Chen Baosheng, Minister of Education, spoke about the need to cultivate "both red and expert" university graduates in a 2017 speech. The use of the phrase received notice online, attracting attention from some Chinese netizens who pointed out the phrase's association with the Cultural Revolution and criticized its use. The Diplomat, a United States magazine about Asian affairs, argued that use of the phrase was tied to a government push to encourage loyalty to the Communist Party. The Diplomat suggested it could also indicate a shift towards Mao-era policy, a notion disputed in an article by Lin Aiyue on the Chinese website Chawang, which argued that "red" solely meant patriotism and loyalty to one's people.

==Analysis==
The term has been connected to socialist realism in Mao-era Chinese art, which emphasized "red" socialist messaging along with realistic depictions of "expert" productive development and the lives of skilled workers. According to Liu Je-Hung of National Taiwan Normal University, Mao's difficulty in balancing being "red" and being "expert" among party cadres led him to increasingly value generalized over specialized knowledge. The eventual result was that being "red" within the party was valued over being "expert", leading to a lack of specialized expertise within leadership that caused the failure of the Great Leap Forward.

Western scholars have analyzed the phrase as a symbol of conflicting interest groups in the People's Republic of China. "Red" versus "expert" is a common framework for analyzing the government of the People's Republic of China, in both the Mao era and the present, and is used as a shorthand for ideological versus technocratic rule. Sinologist Martin Bernal, writing in 1966 about the Cultural Revolution, argued that conflict between "experts" and "reds" was the principle contradiction in China at the time:

...in order to function efficiently and receive the rewards they feel they deserve, “experts” want rationality and hierarchy. The “reds” are veterans of the Revolutionary war or active, poor peasants whose skills are fighting, agitation, and mobilizing people. Believing that they can rely on the spontaneity of “the masses,” the “reds” aim for passion, struggle, and equality—at least outside the Party—so as to liberate popular energy. In 1957 they led the attacks on bureaucratic privileges, misuse of official cars, special education facilities for children, and so on. It is the “red” element in Party and government that for the past nine years has insisted that all office workers should go for periods of days, months, or even years to the factories and villages to do manual labor.

After Mao, Deng Xiaoping de-emphasized the importance of being "red" over being "expert", instead giving equal weight to both.
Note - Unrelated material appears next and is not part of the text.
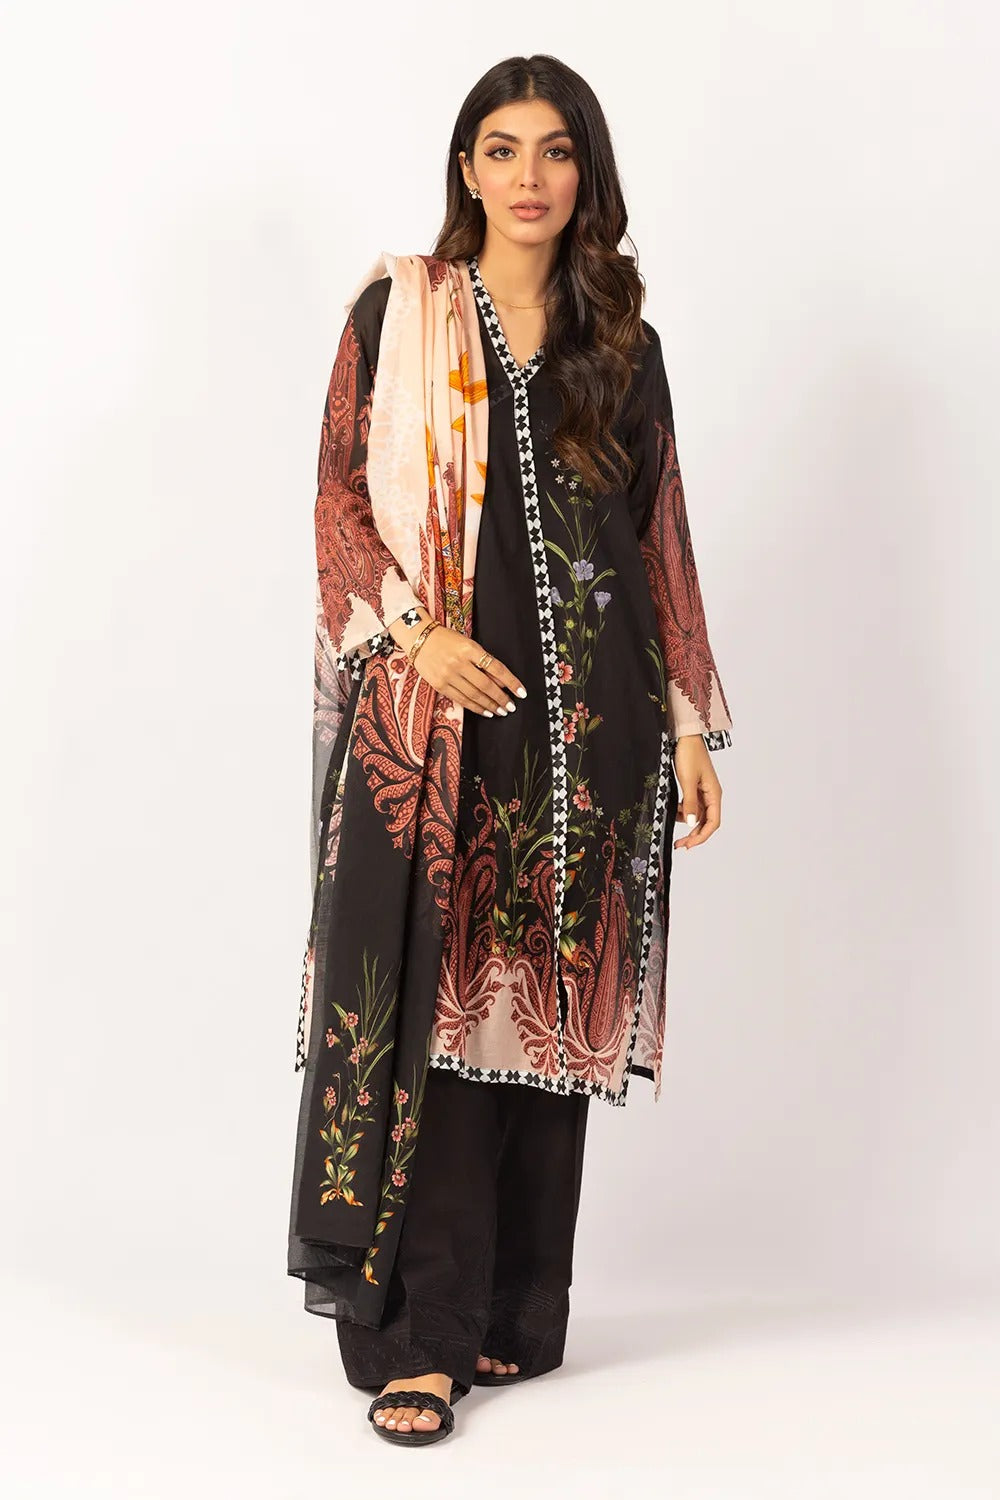 Gul Ahmed Kaaj 02 Piece Stitched Printed Cotton Shirt With Lawn Dupatta IPS-21-49 DP

In the modern People's Republic of China, the term is associated with loyalty to the Communist Party and the government. On Chinese leftist websites, it is also associated with the promotion of grassroots knowledge and its integration with top-down institutional knowledge. Historian Sigrid Schmalzer argued that when used in this second sense, the intent is to encourage intellectuals to understand and communicate with the working class their research is meant to aid, and that "the 'participatory action research' approach adopted from the West was itself shaped by Maoist theories of knowledge."